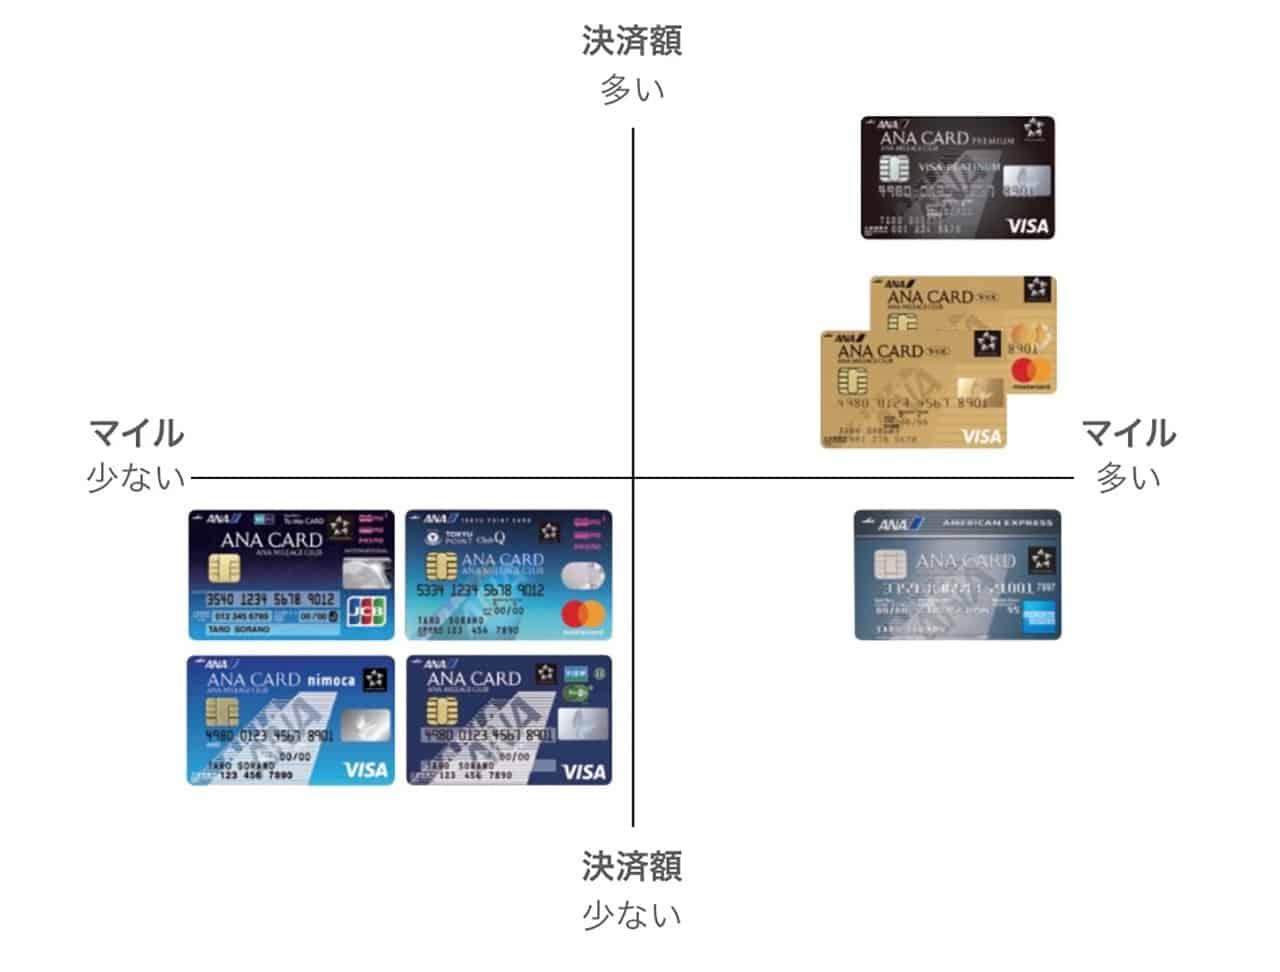 ANAクレジットカード選択マトリクス
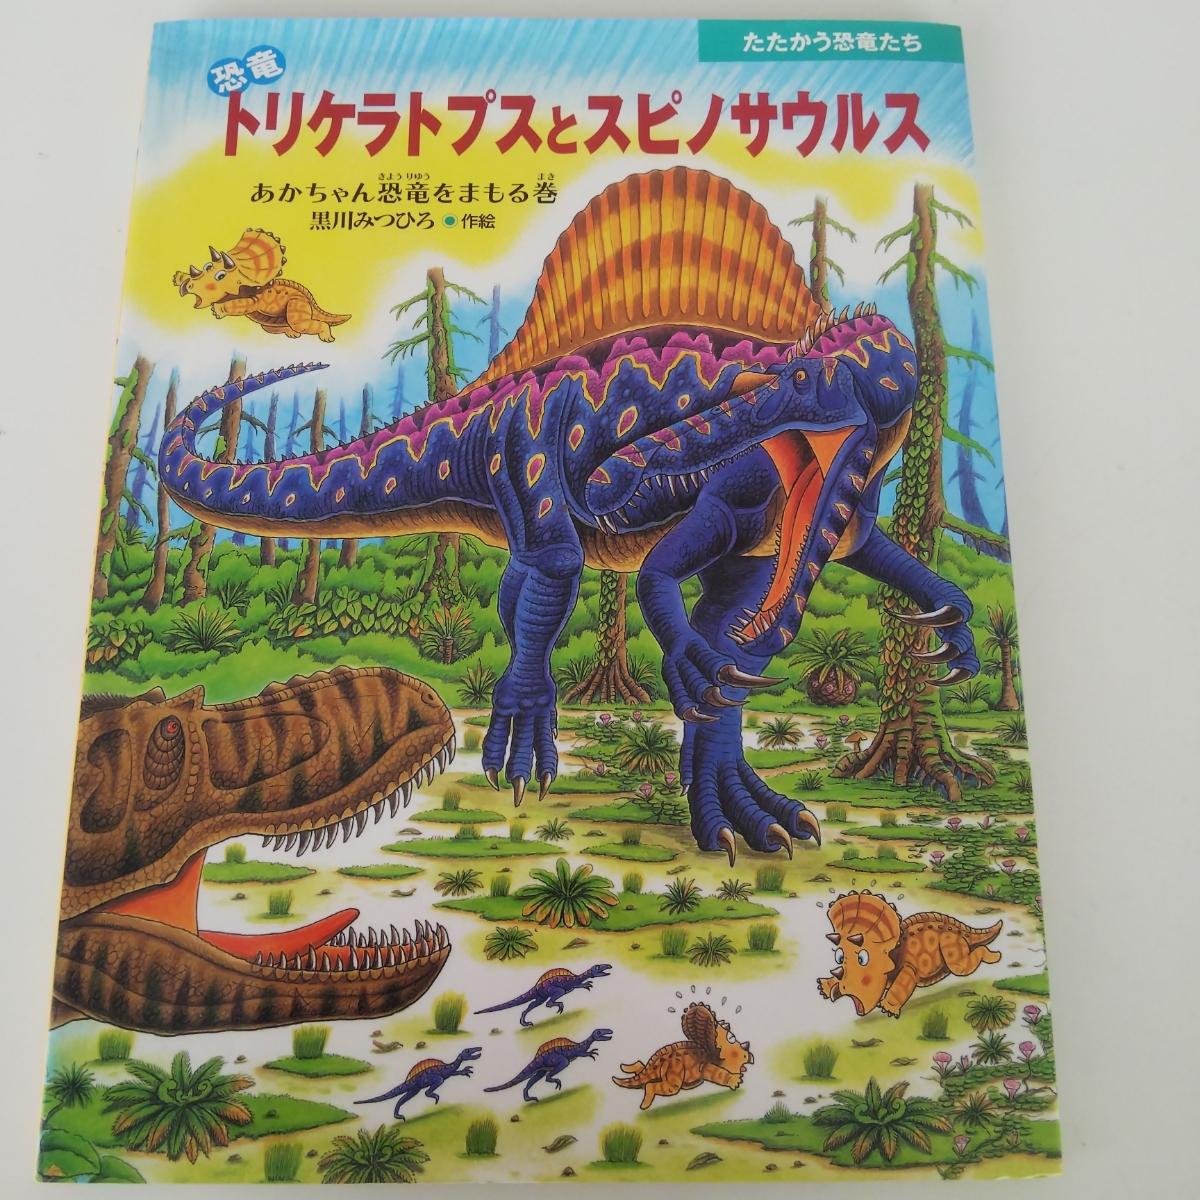 絵本 恐竜 トリケラトプスとスピノサウルス 黒川みつひろ 中古_画像1
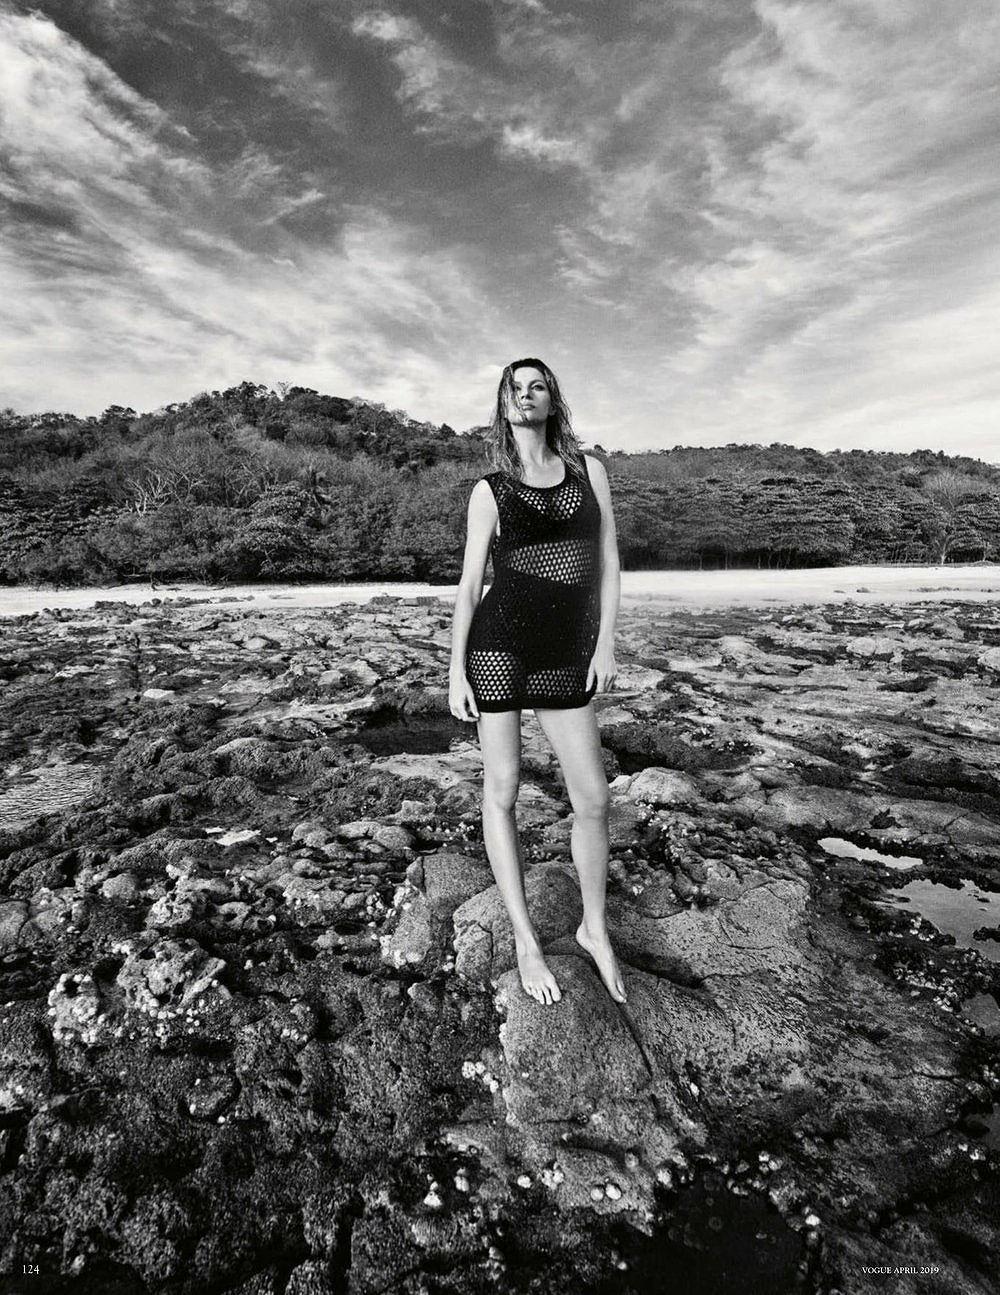 Siêu mẫu Gisele Bundchen hóa nữ thần biển cả táo bạo gợi cảm Ảnh 6

Assignment: Each line above should be written out again unchanged; no images are to be carried over.

Solution to the problem:
 ANAクレジットカード選択マトリクス
 絵本 恐竜 トリケラトプスとスピノサウルス 黒川みつひろ 中古_画像1
 Siêu mẫu Gisele Bundchen hóa nữ thần biển cả táo bạo gợi cảm Ảnh 6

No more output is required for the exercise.